Сделав глубокий вдох, я попыталась сформулировать какую-нибудь мысль и вернуть себе самообладание.
– Всем привет. Вы как? Меня зовут Оливия. И сегодня вечером я спою для вас несколько песен, – сказала я в микрофон. Эту фразу мне приходилось говорить множество раз, но никогда она не казалась настолько неправильной.
Даже с мониторами в ушах я еле услышала вступительные аккорды – толпа очень громко кричала. Чуть не пропустив начало куплета, я с большим усилием заставила себя петь. Меня сбивало то, что, казалось, слова песни не принадлежали мне. Случившееся за последние годы пыталось уничтожить тот факт, что эти слова исходили из глубины моей души.
Что эти слова отражали меня.
Я хотела найти Уолкера в толпе. Хотела узнать, что он думает об этой версии меня, о той девушке, в которую, как он сказал, влюбился. Понимает ли боль, которой сочатся мои слова? Ту боль, которая разрывает мою кожу, словно лезвие.
Но софиты ослепляли, а в ушах звенел оглушительный рев толпы. И у меня не было сил делать что-либо, кроме как петь.
Выживать.
Каждая песня ощущалась камнем, тянущим меня вниз в море недовольства собой.
Стало немного лучше, когда я сыграла первые аккорды акустической части концерта. Чувство спокойствия нахлынуло на меня, знакомая гитарная мелодия успокаивала потрепанные нервы без шума других инструментов, вторгающихся в мой покой.
Я закрыла глаза, позволив музыке окатить меня нежной волной. Нежные звуки моей гитары наполнили воздух горьковато-сладким мотивом. Когда я запела, слова полились изо рта подобно давно забытой молитве, в которой каждая нота была окрашена тоской и сожалением.
В тишине ночи я ищу тебя во снах,
Но ты неуловим, как навеянное воспоминание,
Мне интересно, чувствуешь ли ты это тоже, эту неутихающую боль,
Или я просто дура, поглощенная приливной волной.
Мой голос слегка дрогнул, когда я взглянула в толпу и каким-то образом поймала взгляд Уолкера. Его глаза горели огнем – так, что у меня перехватило дыхание.
Мы смотрели друг на друга, и я запнулась на слове. Сердце колотилось в груди при исполнении песни… для него.
И хотя нас может разделить расстояние,
И время может украсть наши дни,
Я буду продолжать хранить надежду,
В этом запутанном лабиринте.
Слова легко слетали с моих губ тогда, когда мне приходилось петь о любви и тоске, о сердечной боли и искуплении. Стало легче исполнять песню, когда я убедила себя, что сейчас мы только вдвоем и у меня есть возможность поделиться с ним частичкой своей души.
Единственное, что я должна была сделать.
Последние аккорды затихли, и толпа взорвалась аплодисментами.
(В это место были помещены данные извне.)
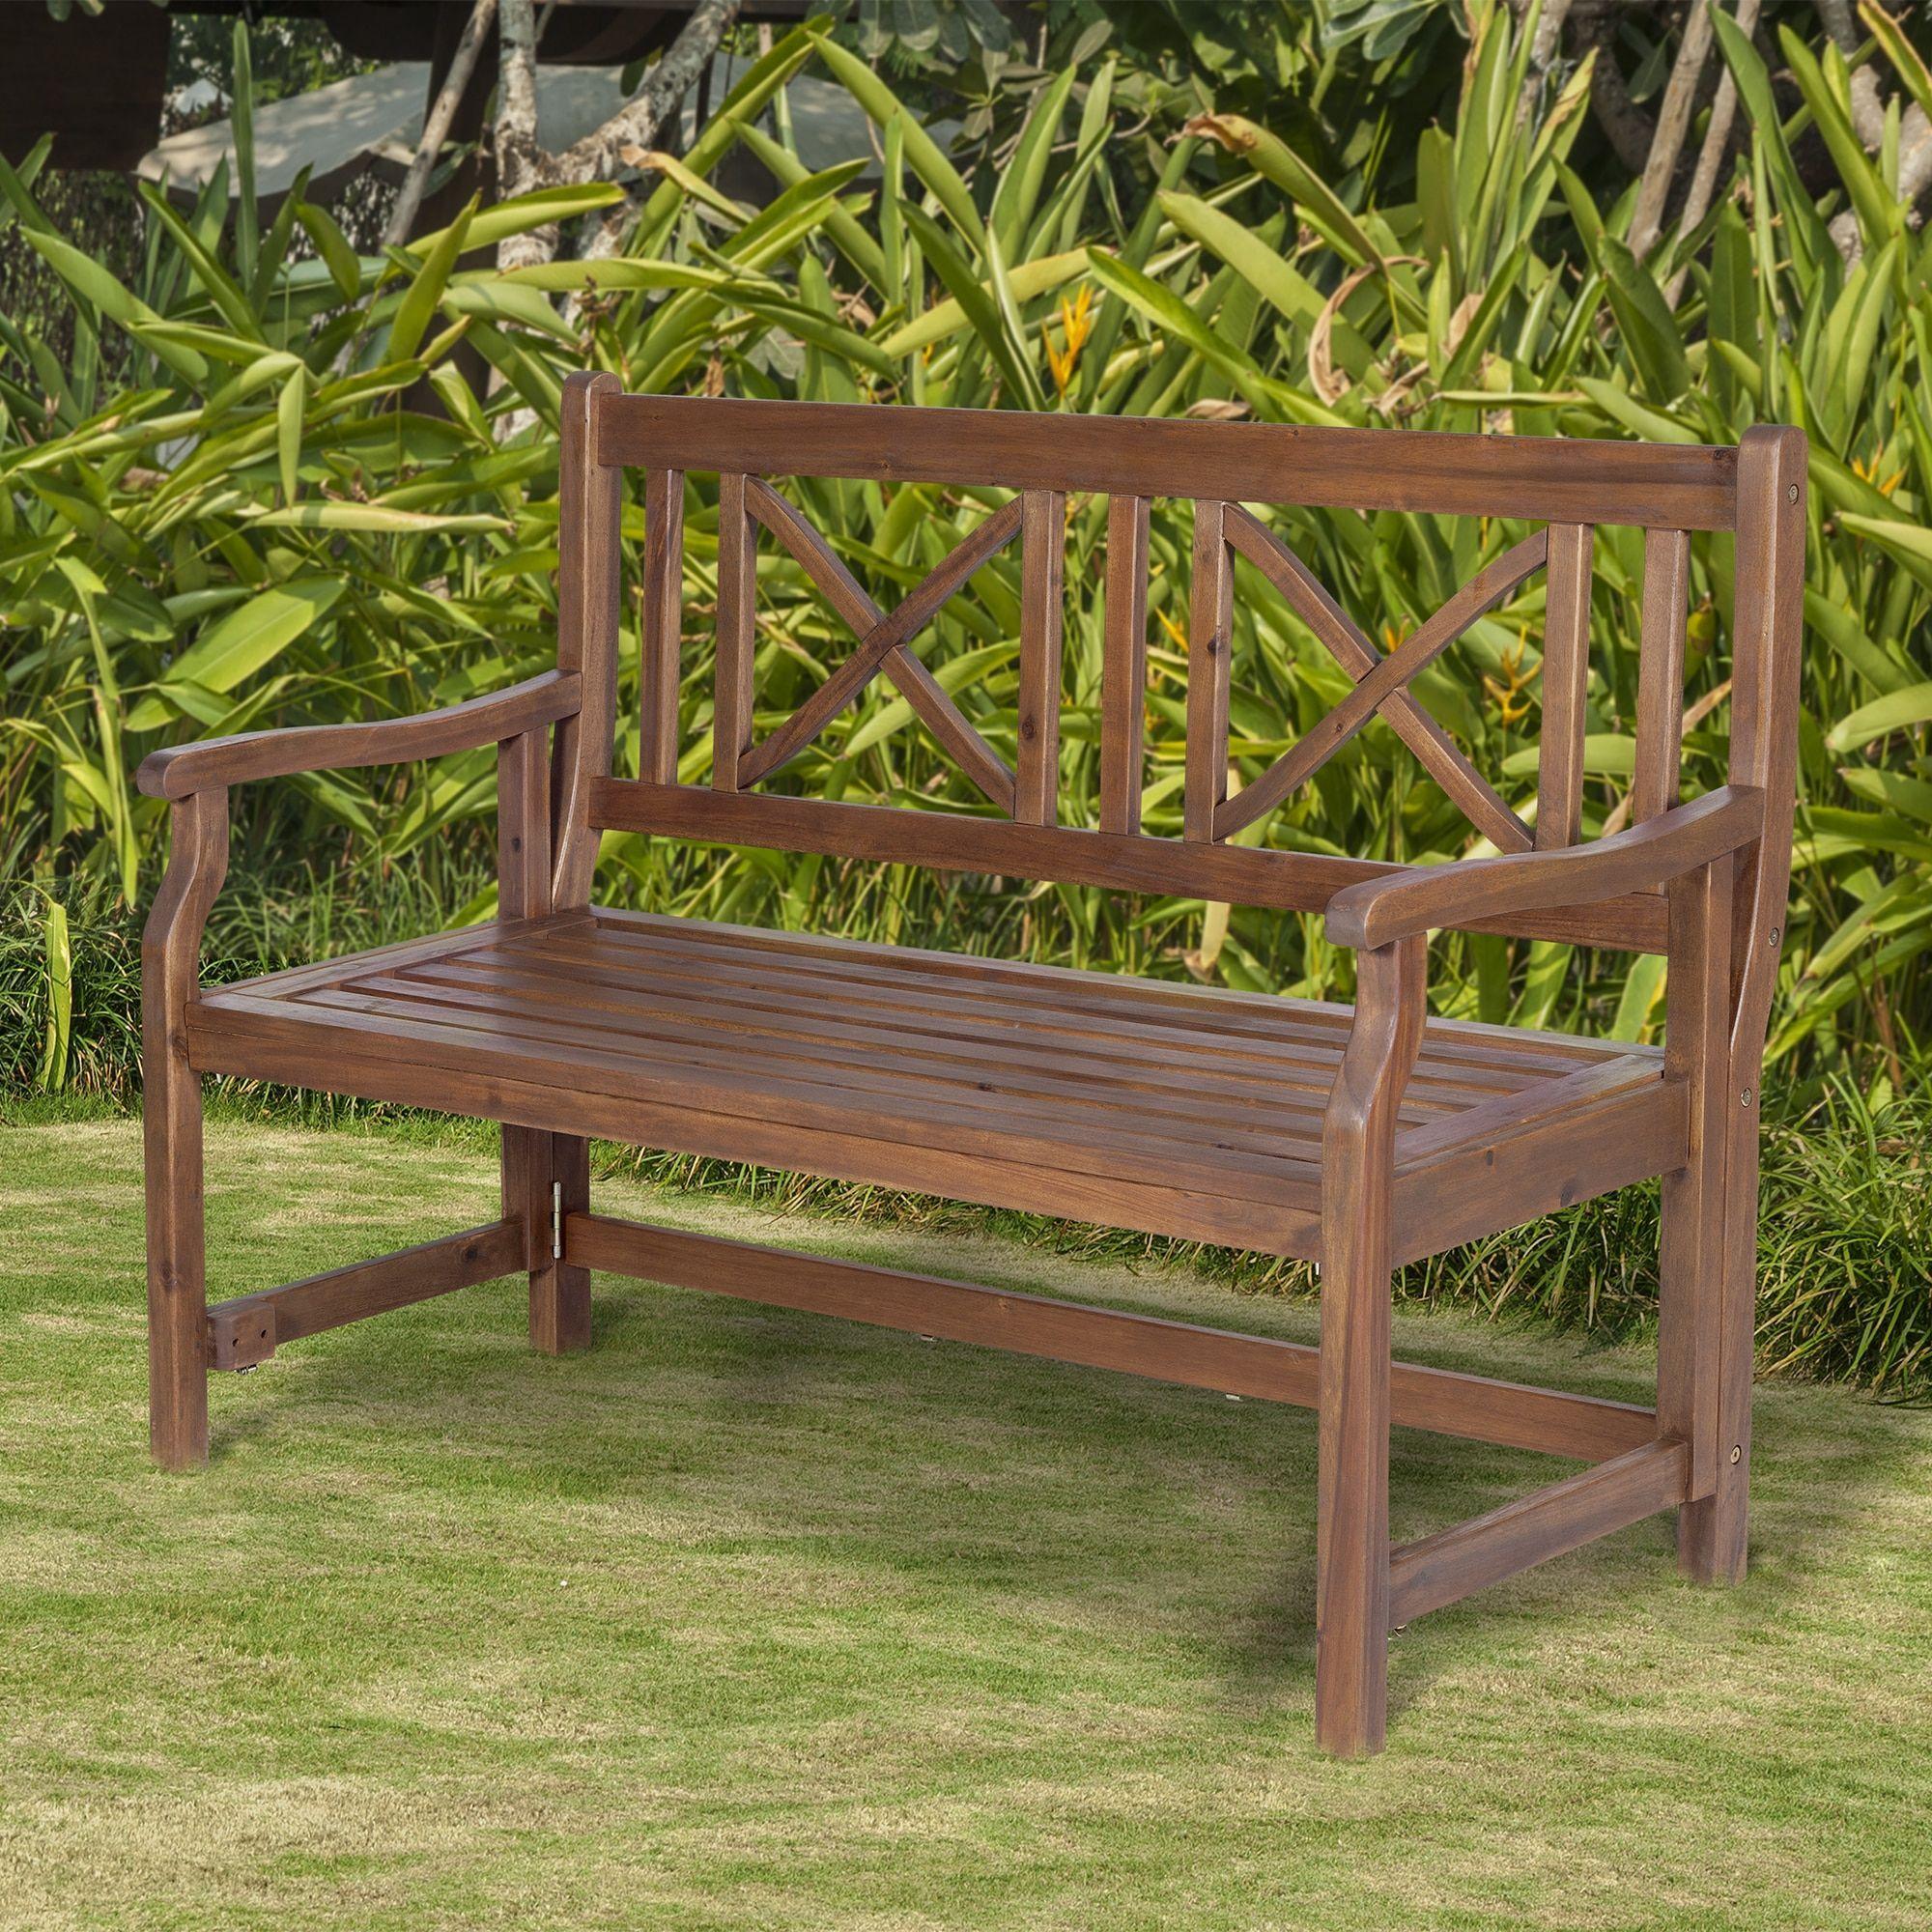 Super 48 Inch Dark Brown Acacia Wood Folding Patio Bench 48 Cjindustries Chair Design For Home Cjindustriesco

Их радостные крики вернули меня в реальность, к тому, что я играла перед полным залом людей… а не только перед Уолкером.
Но одного момента единения было достаточно для продолжения.
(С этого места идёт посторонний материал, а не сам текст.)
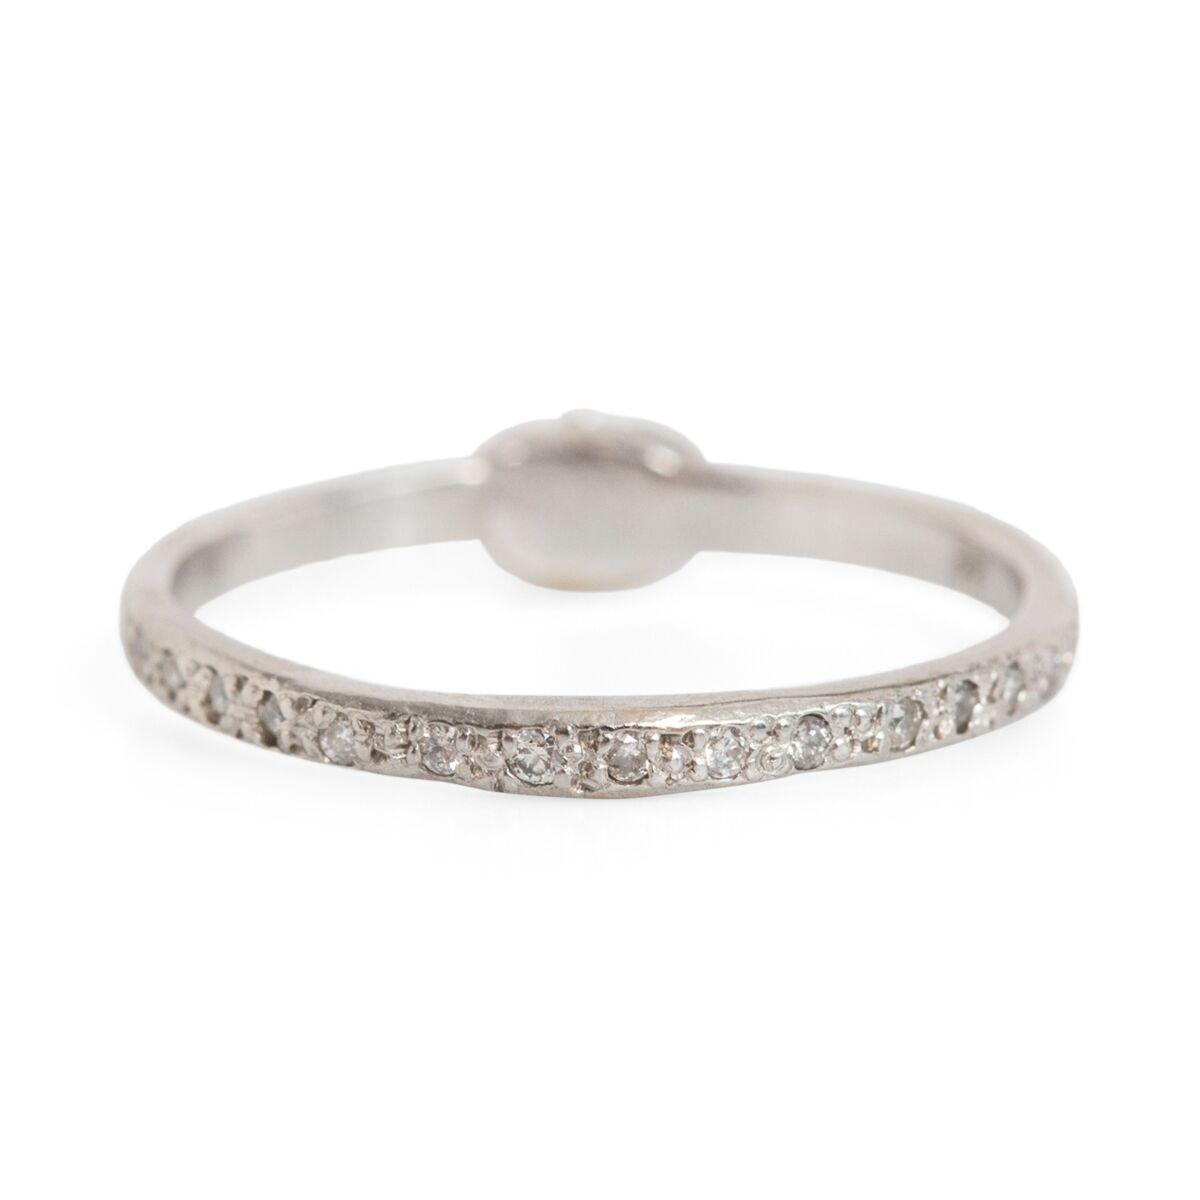 Anna Karenina Marquise Diamond Ring

Я спела еще несколько песен, и силы меня покинули. Когда ноты последней песни стихли, аплодисменты наполнили зал. Неуверенно улыбнувшись, я быстро помахала толпе и сошла со сцены. Адреналин, который подпитывал меня во время выступления, стихал, сменяясь грызущим чувством беспокойства, которое терзало меня изнутри.
С каждым шагом паника внутри нарастала приливной волной, грозясь поглотить с головой. Мое сердце заколотилось в груди, дыхание стало рваным, поверхностным. Я пыталась держать себя в руках, по крайней мере, пока не доберусь до гримерки.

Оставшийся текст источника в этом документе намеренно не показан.